If it isnt too much of a bother could you take a quick look at: https://github.com/pakiessling/lacss-test/blob/main/try_tissuenet.ipynb
I am trying your tissuenet model on my image and it doesnt really work that well. Do you think this is because I formated the input wrong or because I didnt train the model on my data yet? I plan to train on 1000+ weakly annotated images.

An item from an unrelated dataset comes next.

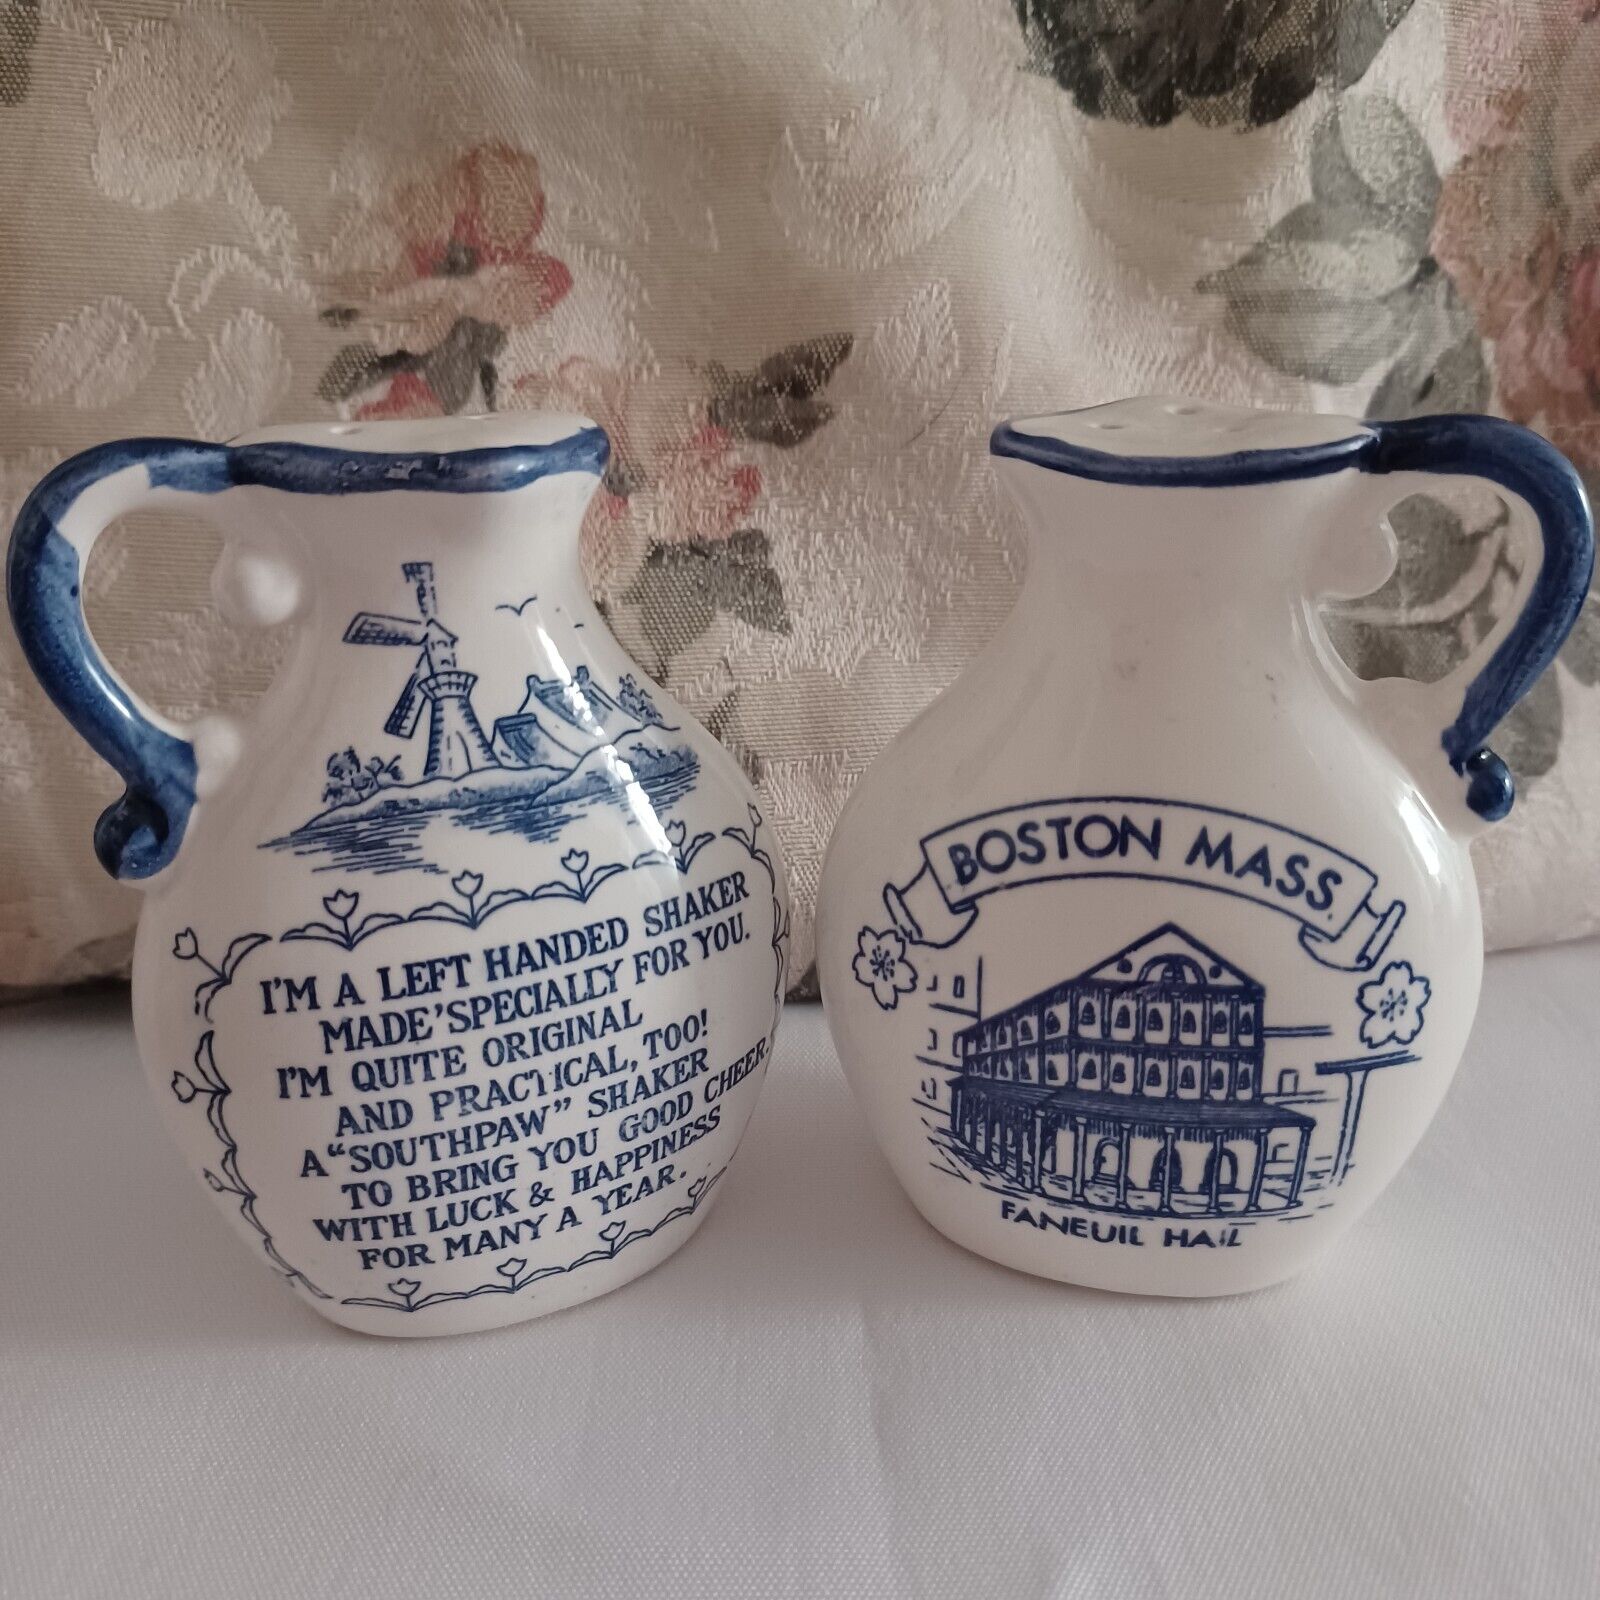 Vintage Left Handed Salt & Pepper Shakers Boston Mass Blue Delft Design Japan

Also I see that you are loading in masks even in the train_with_point_label.ipynb example. https://jiyuuchc.github.io/lacss/api/data/#lacss.data.generator.simple_generator
Should I just leave mask_file
empty in my train.json
?
I'm not sure I understand the question here.
Your linked notebook shows the inference results using a stock/pretrained model (tissuenet). Because the domain shift from the original training data and your own data, the results are not very accurate. But that's expected, no?
I assume your goal is to train/re-train a new model that would work well for your data. Have you setup a notebook to do that yet?
As to the the train.json format, you are right. The original code was not written with point-label in mind. Current, you will have to supply a fake mask image, if you use only point label. This will be fixed in the next release.
A final note of importance: from your testing notebook, I see that your images were acquires at a very fine pixel resolution. I would strongly recommend adding a downscaling operation in your training data pipeline:
data = lacss.data.resize(data, target_size=(512,512))
This would allow much better use of transfer knowledge from the original model, because those were all trained with images of much coarse pixel sizes.
Hope this helps.
Thank you for the tool. I am excited to try it out with my own data in a weakly supervised fashion.
If I understand right I will need the centroids of the nuclei and binary segmentation of my images.
The nuclei position I can get with https://scikit-image.org/docs/stable/auto_examples/features_detection/plot_blob.html (Is Laplacian of Gaussian the best algorithm?)
Do you also have a suggestion for binary foreground / background segmentation?
Also do I need to resize to 512 x 512?